Это – оранжевая аптечная бутылочка. Кто ее здесь оставил? И зачем? Герберт никогда не верил в чудеса. Ведь чуда не произошло, когда он потерял свою ферму, когда расставался с другими дорогими ему вещами! Но вот он читает надпись на бутылочке: «Кефлекс», и его представление о действительности меняется на диаметрально противоположное.
26) Келтон
Незнакомцы. Я сижу в машине с незнакомыми мне людьми. Жаки, таинственная и неуправляемая. Генри, который совсем не тот, за кого он себя выдает. Даже Алисса и Гарретт – большие вопросительные знаки. Похоже, я вообще никого из них толком не знаю. Но самый главный для меня незнакомец – это я сам. Конечно, я знаю собственное имя. Знаю, где я живу, то есть – жил, потому что неизвестно, живу ли я там теперь. У меня сохранились все мои воспоминания, но новые воспоминания, точнее – ОДНО новое воспоминание, озвученное выстрелом из дробовика, сделало все прежние пустыми и ничего не значащими.

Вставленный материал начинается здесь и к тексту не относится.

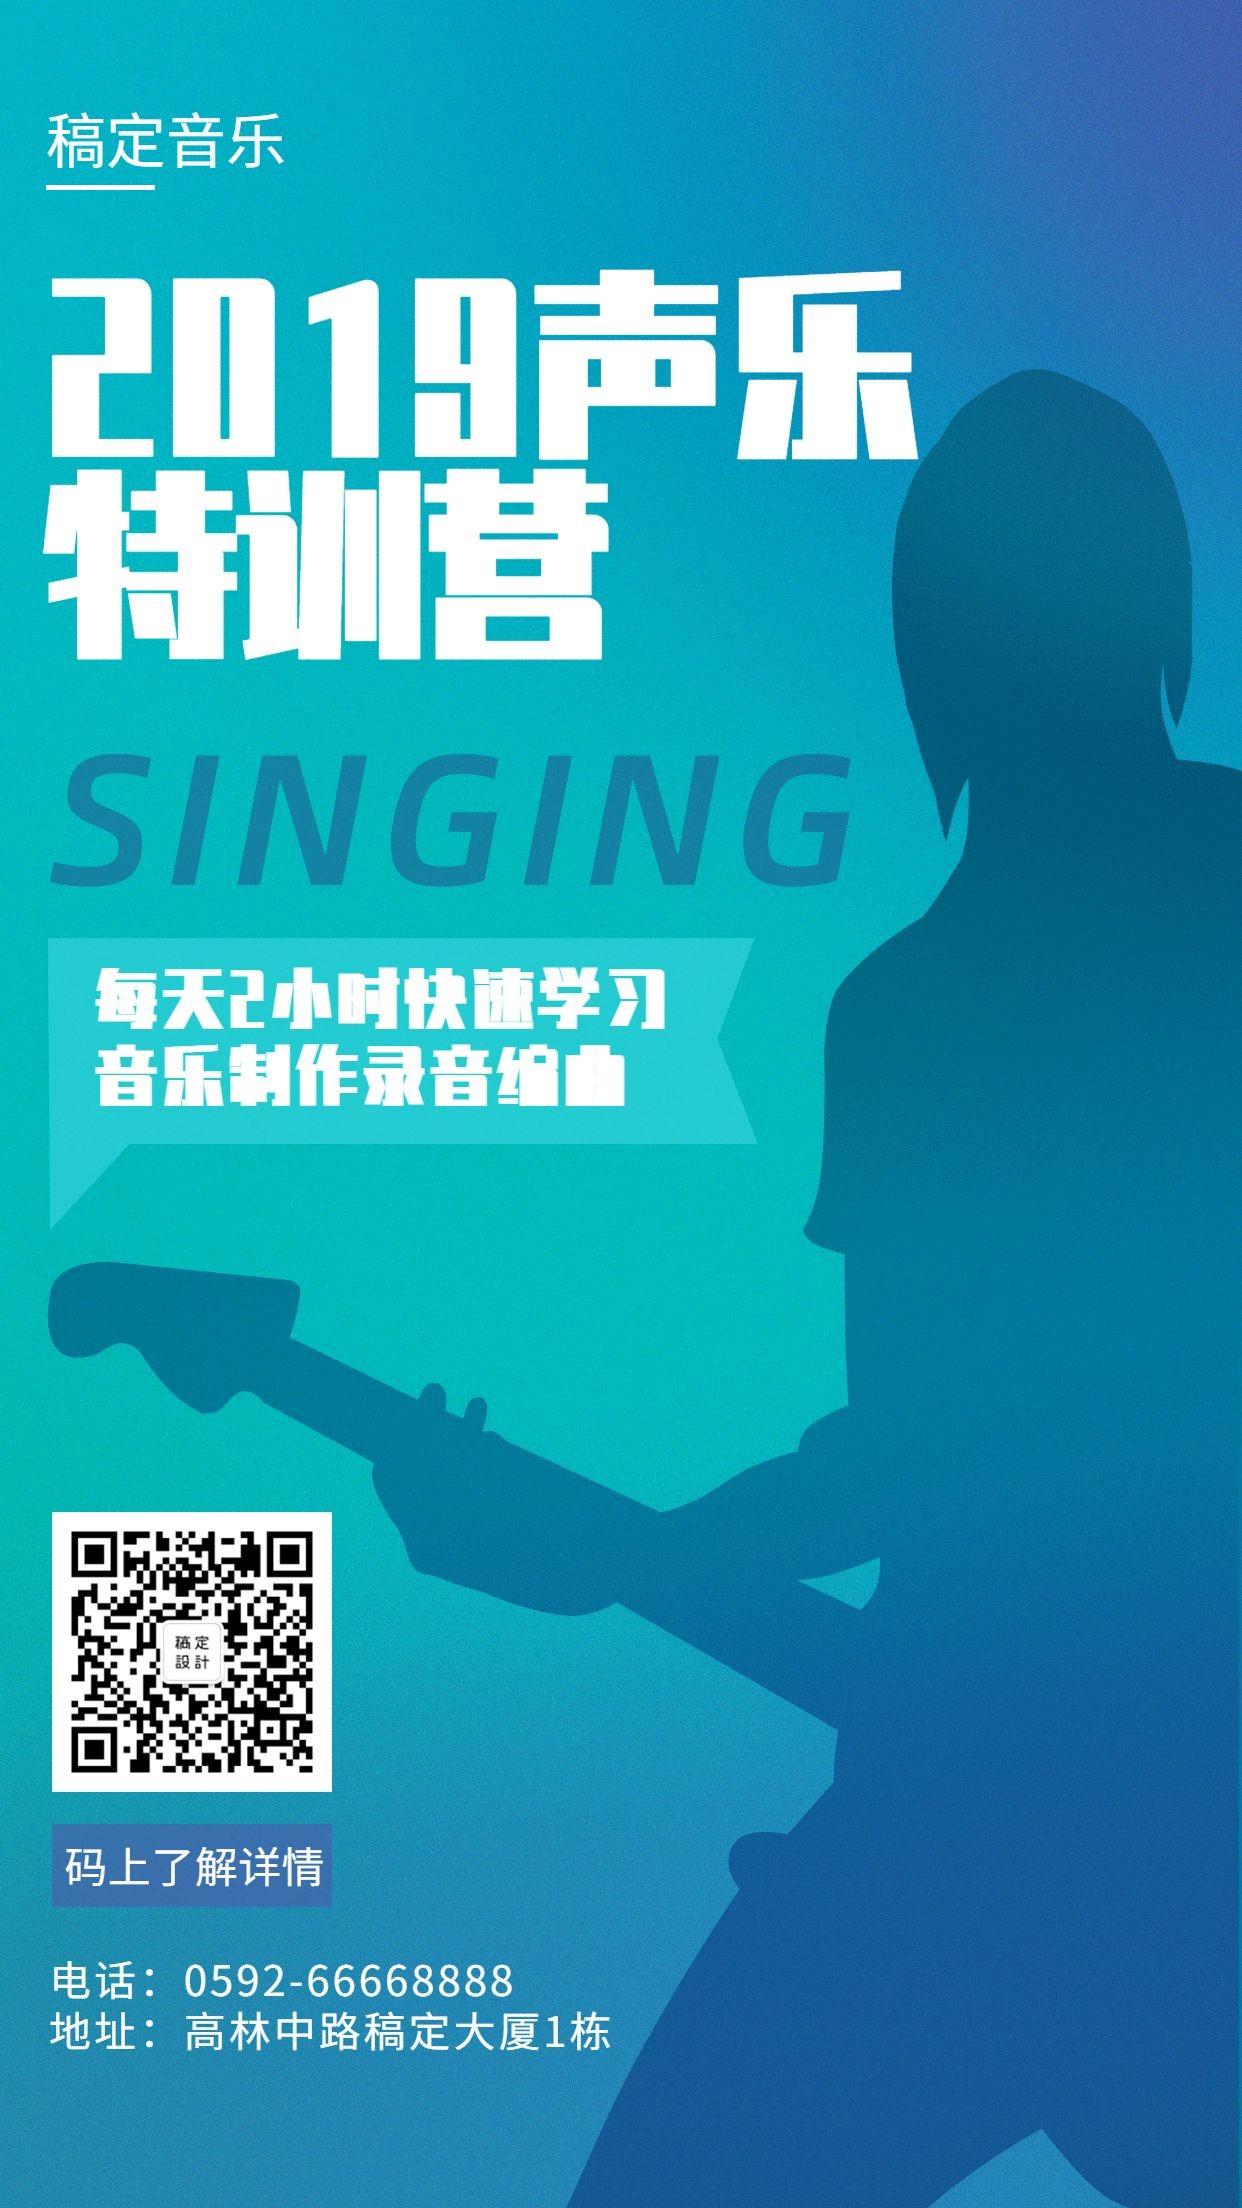 声乐培训创意简约项目介绍手机海报

Сегодня утром, перед самым рассветом, когда пришел момент выбора – драться или бежать, мое тело предпочло последнее. Когда ты выбираешь бегство, тебя подхватывает и несет некая сила; в случае драки сдаешься на милость более сильного, чем ты. Если бы Алисса меня не вырубила, я совершил бы убийство. Но теперь я, по крайней мере, уверен, что способен драться. И, зная это, я могу научиться держать под контролем эту свою способность.
Но теперь мною овладевают темные, разрушительные мысли. Как тогда, когда солдат направил на меня свою пушку, и часть меня вдруг захотела, чтобы он нажал на спуск и вынес мне мозги. Или когда я пожелал, чтобы Генри, не останавливаясь и не сворачивая с дороги, проехался бы по толпе людей. Хорошо бы, если бы что-нибудь взорвалось и все почувствовали, насколько глубоко шрапнель проникает под кожу. Я знаю – эти мысли ужасны. Но они циркулируют в моем мозгу, и кто я такой, чтобы их останавливать?
Но потом я начинаю слышать голос своей матери. Матери, которой, как я понимаю, уже нет в живых. И она говорит: «Все проходит. Даже самые тяжелые беды. И, когда это случается, они уже не выглядят такими тяжелыми».
А затем во мне начинает звучать голос отца. Более строгий и внушительный, взращенный опытом: «Все, что происходит, это урок жизни, Келтон. Учись у жизни. Совершенствуй себя. Становись сильнее».
Лучшее, что можно сделать, чтобы воздать им должное, – это слушать их голоса. Но это так непросто! Так непросто!
– Ну, и как мы будем добираться до твоего убежища? – слышу я голос Генри. И понимаю, что передо мной стоит задача. Задача мужественно принять на себя последствия взрыва, защитить всех от летящей шрапнели. Конечно, какая-то часть меня хотела бы, чтобы все почувствовали боль, которую чувствую я. Но лучшая часть во мне побеждает. Она сильнее, чем удар шрапнели, вырвавшейся из дробовика. Мой брат убит. Но я жив. И сегодня я сделаю то, что должен сделать.